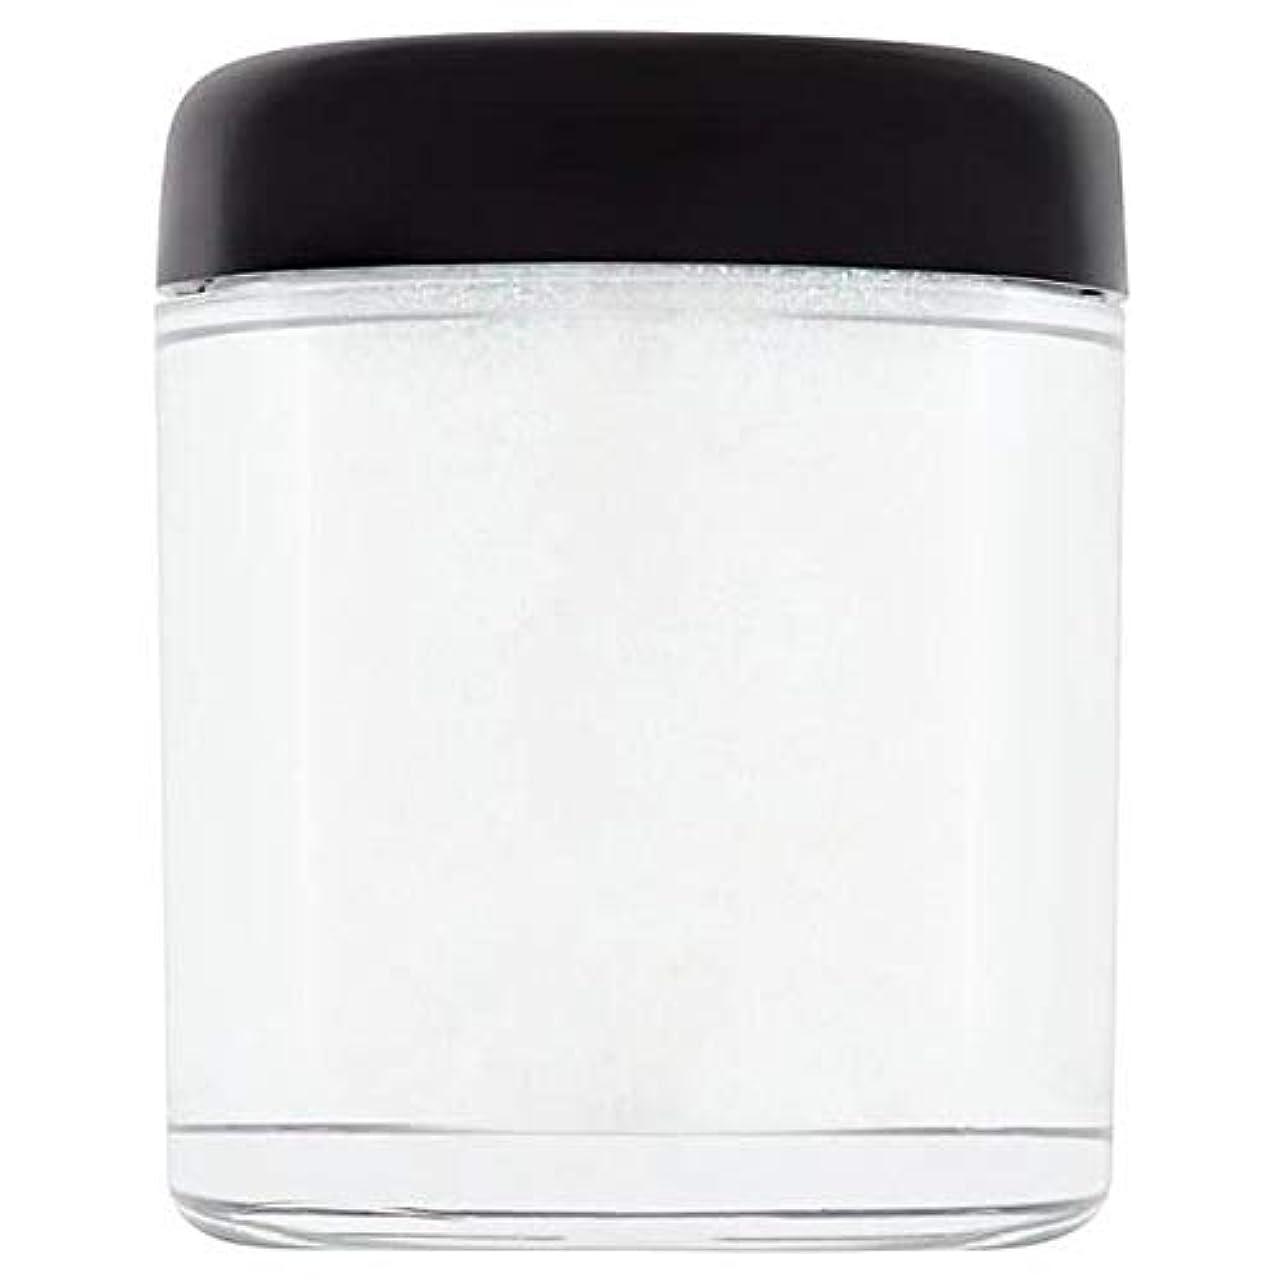 バッチ修道院好色な[Collection ] 収集グラムの結晶がフェイス&ボディの輝きユニコーンの涙1 - Collection Glam Crystals Face & Body Glitter Unicorn Tears 1 [並行輸入品]
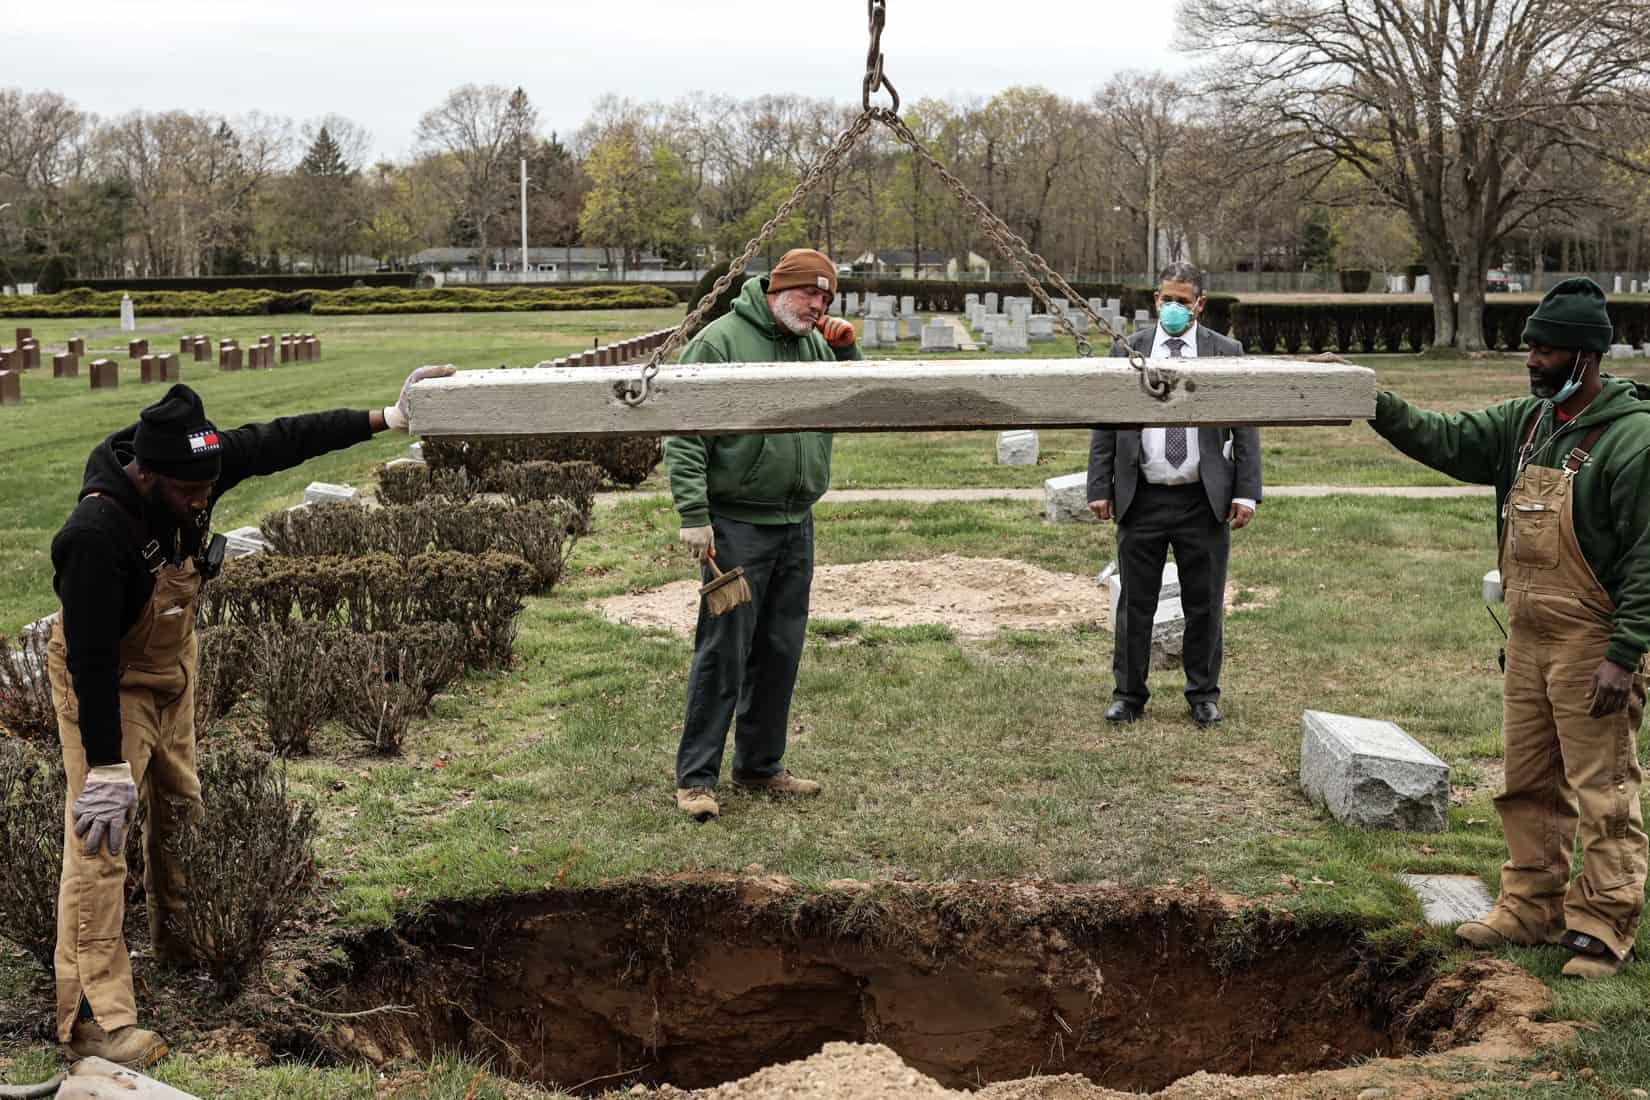 קבורת קורבן קורונה בבית הקברות וושינגטון ממוריאל פארק. מאי, 2020 (צילום: Jonathan Alpeyrie/Polaris Images)
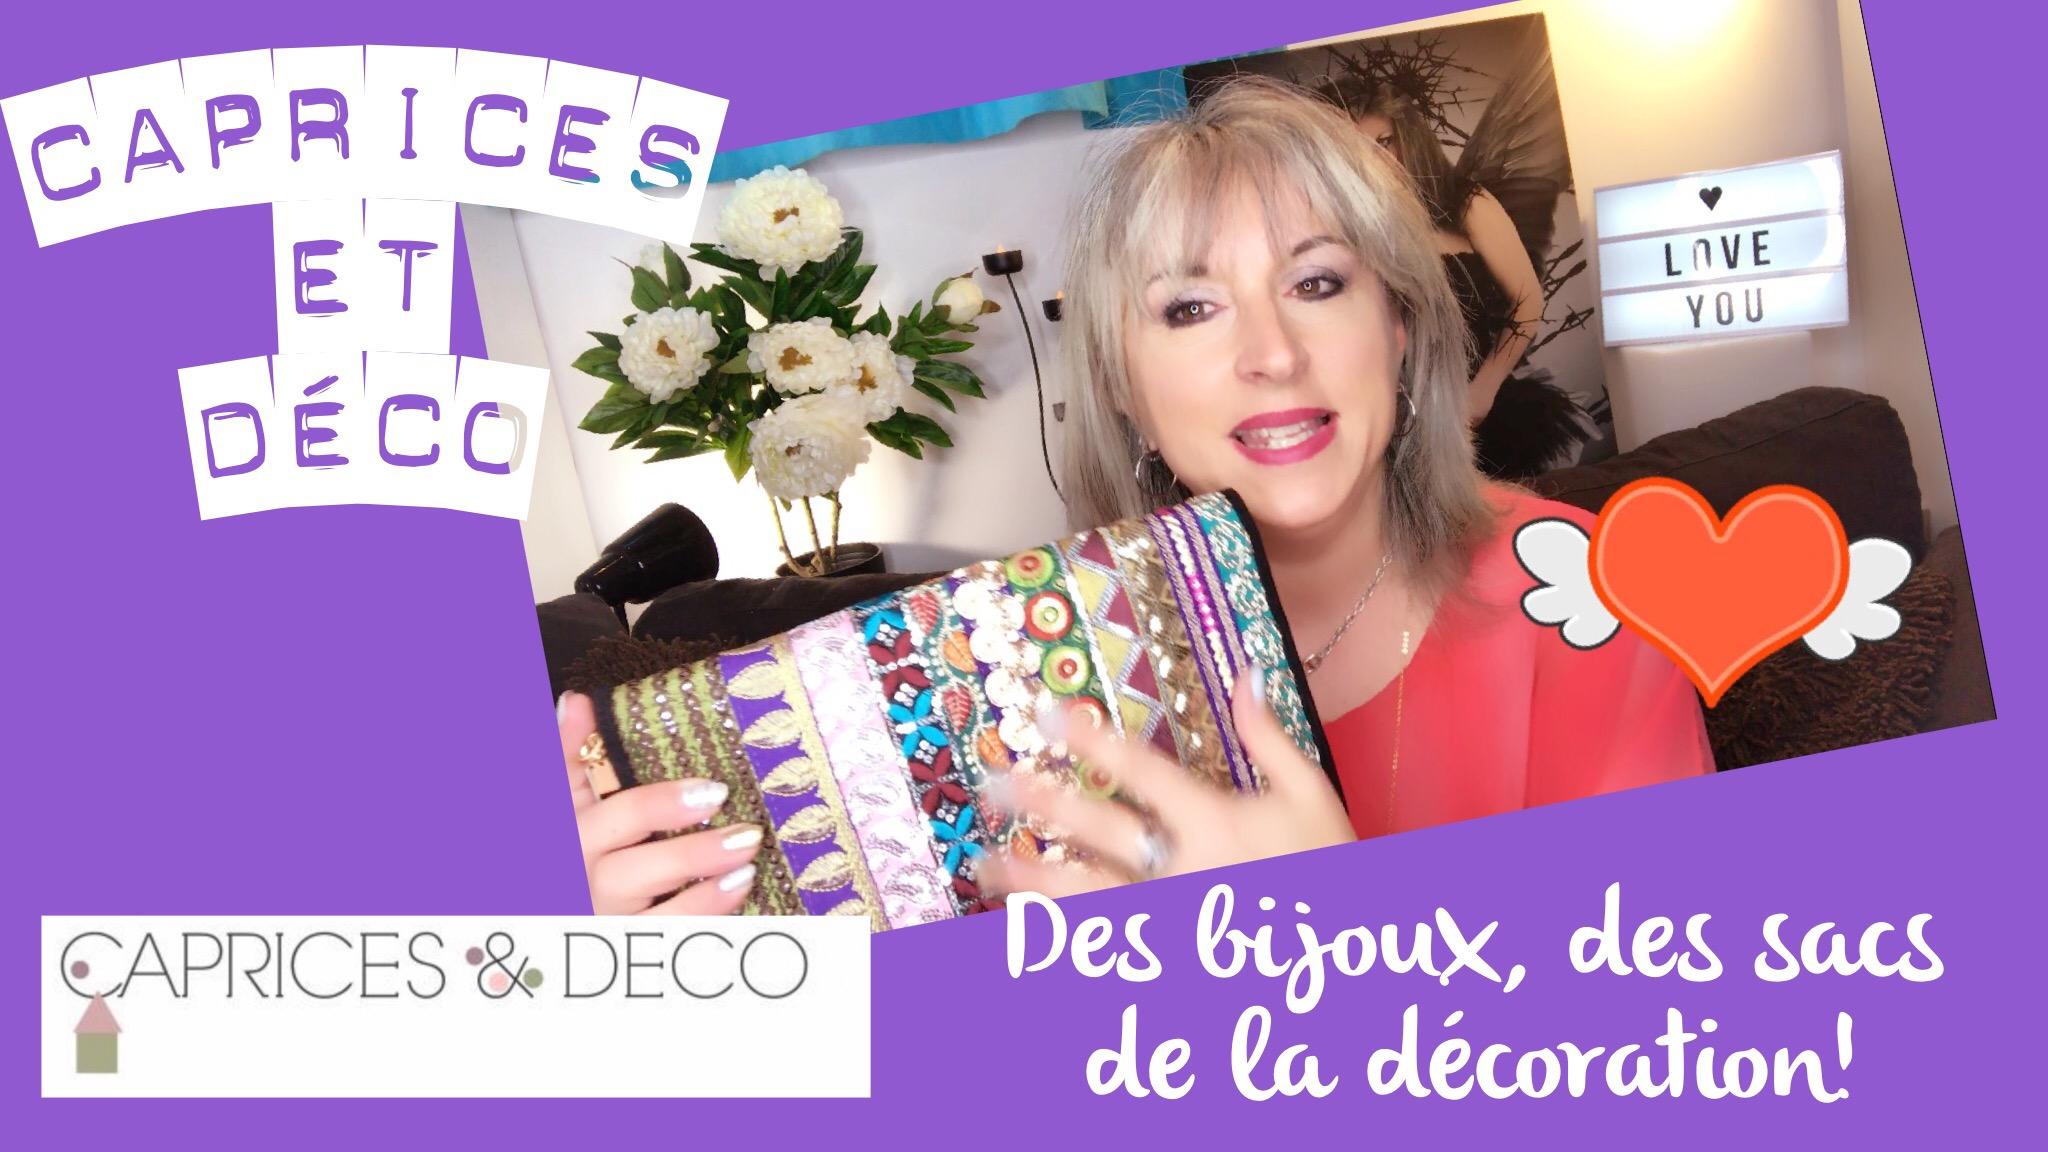 TheMouse sur YouTube: Caprices et deco… Des cadeaux pour Noël!

What you have to do ▸ Before you return the listing exactly, strip out its pictures.

Output for this task ▸
 バッチ修道院好色な[Collection ] 収集グラムの結晶がフェイス&ボディの輝きユニコーンの涙1 - Collection Glam Crystals Face & Body Glitter Unicorn Tears 1 [並行輸入品]
 קבורת קורבן קורונה בבית הקברות וושינגטון ממוריאל פארק. מאי, 2020 (צילום: Jonathan Alpeyrie/Polaris Images)
 TheMouse sur YouTube: Caprices et deco… Des cadeaux pour Noël!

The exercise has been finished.